Alain retire doucement ses mains des miennes et je regrette d'un seul coup la chaleur qu'il a donné à mes mains glacées malgré ma brûlure. Je n'ai pas remarqué qu'il les avaient refermés autour des miennes.
"Je vais te mettre la pommade."
Après un nouveau changement de sujet il prend le tube et met une noisette de crème dans les deux paumes de ses mains. Je lui donne mon bras blessé et il pose délicatement ses paumes dessus. Je tressaille. C'est froid.
Il commence à me masser, doucement, comme une caresse. Cela me fait du bien et j'ai d'un seul coup envie de dormir. Ses mains sont douces. C'est agréable.
"Tu as remarqué, tu m'as tutoyé." Marmonné-je d'un seul coup.
Je sens que la pression sur les bras ralentit un instant avant de revenir à sa vitesse initiale.

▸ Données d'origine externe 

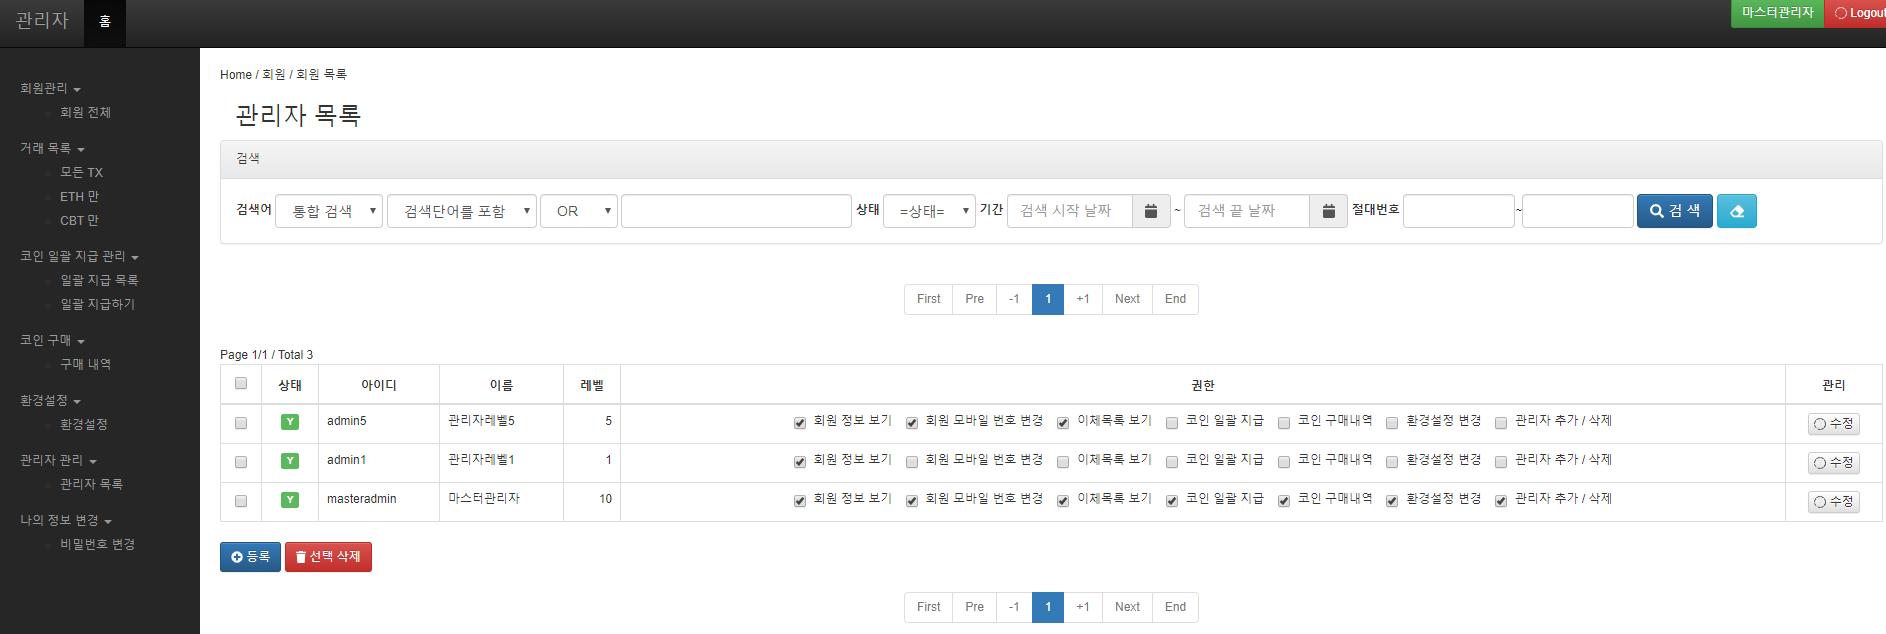 통합 웹 지갑 관리자 화면 - 관리자 관리

"Non je n'avais pas remarqué."
Peut-être qu'il ment. Peut-être dit-il la vérité. C'est dur de savoir avec lui. Je le regarde un instant et il y a quelque chose d'inhabituel sur son visage. Je plisse les yeux. Je n'ai jamais vu ça. Du moins sur des traits à lui.
C'est une petite teinte rosée sur le haut de ses pommettes.
Aurait-il rougi par hasard?
Non c'est sans doute le froid. Du moins c'est ce que j'essaye de me persuader.
Alain enlève des mains de mon bras puis les nettoie avec un mouchoir avant de remettre précipitamment des gants. Il n'aime peut être pas les laisser exposer. Ou alors il ne veut pas que je les vois plus longtemps.
"Ça devrait aller." déclare-t-il, "Je vais devoir te laisser, j'espère que tu as compris comment faire."
J'hoche la tête d'un air entendu mais suis néanmoins un peu déçue. J'aurais bien aimé qu'il reste. Pourtant tout ce que je peux dire est:
"Oui. Au revoir alors."
Alain me sourit doucement.
J'aurais pu l'inviter à déjeuner. Dire autre chose. Comme lui demander de rester. Mais je ne l'ai pas fait.
"Au revoir. Soigne toi bien."
Puis il s'en va me laissant seule Moi et ma tenue débraillée.
J'ai toujours mal.
Mais pas à mon bras.
*Je n'ai pas dis le nom des pommades pour ne pas faire à placement de produit.
J'espère que ce chapitre vous a plu!